Life ombudsman flooded by pre-existing condition complaints
How many of your clients bother to read their policy documents? And if they read the documents, how many of them actually understand the provisions – particularly the exclusions. For the layperson not immersed in the financial services field the terms and conditions contained in the policies can be extremely daunting! And that’s why the financial intermediary plays such an important role in the marketing, sales and distribution of life product...
Even if your clients (and yourself) understand the terms and conditions contained in these policies they can still run into problems at claims stage. That’s when differences in interpretation between your client and the insurer come to the fore… At this stage the intermediary can assist their client by making sure complaints about claims interpretations are processed through the correct channels – first internally at the insurer – and subsequently at the appropriate regulatory body.
The Ombudsman for Long-term Insurance (Ombudsman) says that complaints about pre-existing exclusion clauses are the most common complaint brought to their office. “These clauses are generally used in policies where there is no medical underwriting of the risk,” they say.
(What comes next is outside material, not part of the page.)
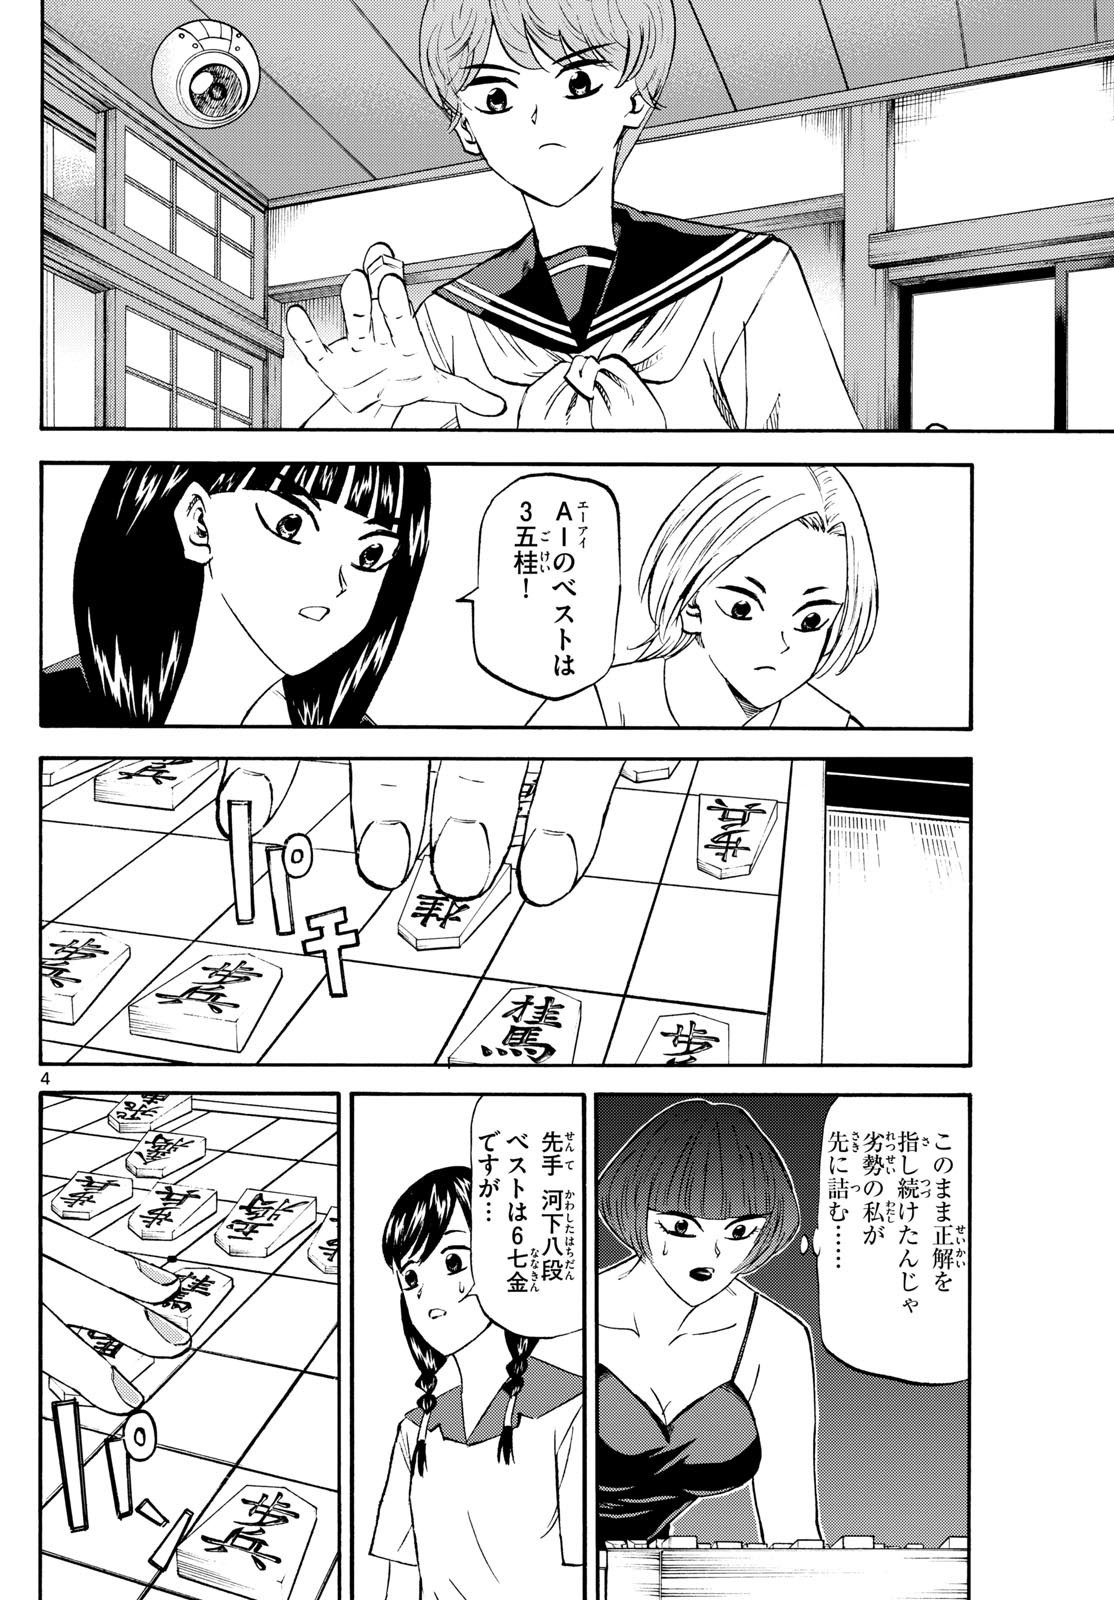 Ryu-to-Ichigo - Chapter 201 - Page 4

We can unpack the issue further by considering the Ombudsman’s recent determination against Clientèle Life. The insurer had refuted a claim based on their interpretation of a pre-existing exclusion clause!
A daily cash-benefit policy, by telephone...
The insured in this case held two Clientèle Life policies. The first would pay cash benefits of R400 per day upon claim event and was taken out on 1 February 2003. The policy provisions included an exclusion clause which stated: “The company shall not be liable in respect of bodily injury or sickness, directly on indirectly caused by, arising from, contributed to by, aggravated by, connected with or resulting from: pre-existing medical conditions as defined herein.” A comprehensive definition of the phrase ‘pre-existing condition’ was also included in the policy wording.
The second policy, which was applied for telephonically and commenced on 1 July 2009, provided for a daily cash benefit of R1, 000. The Ombudsman refers to the recorded sales conversation to piece together the ‘advice’ stage. During the telephone conversation the sales agent asked the complainant “Is u gesondheid goed, geen hart probleme, diabetes, hoë bloeddruk, lei aan enige reeds bestaande mediese toestande of is u altyd (?) perdfris?”, to which the complainant replied: “Ek het ‘n bietjie suiker.” He also advised the consultant he was on Glucophage… The sales agent’s response to this disclosure was: “Nee, dis in die haak.” I found it interesting at this point that the complainant failed to mention the hypertension admitted when purchasing the first policy – but the Ombudsman makes no mention of this.
The telesales agent later states: “Voorafgaande kondisies word gedek nadat u 24 premies betaal het, vir enige ander kondisie is u gedek na ses maande.” He also says: “Ons stuur ook vir u ‘n gesondheids verklaring in die pos wat u moet teken of u in goeie gesondheid is”. The form in question was never returned to the insurer by the client.
With two policies in place you’re covered – right?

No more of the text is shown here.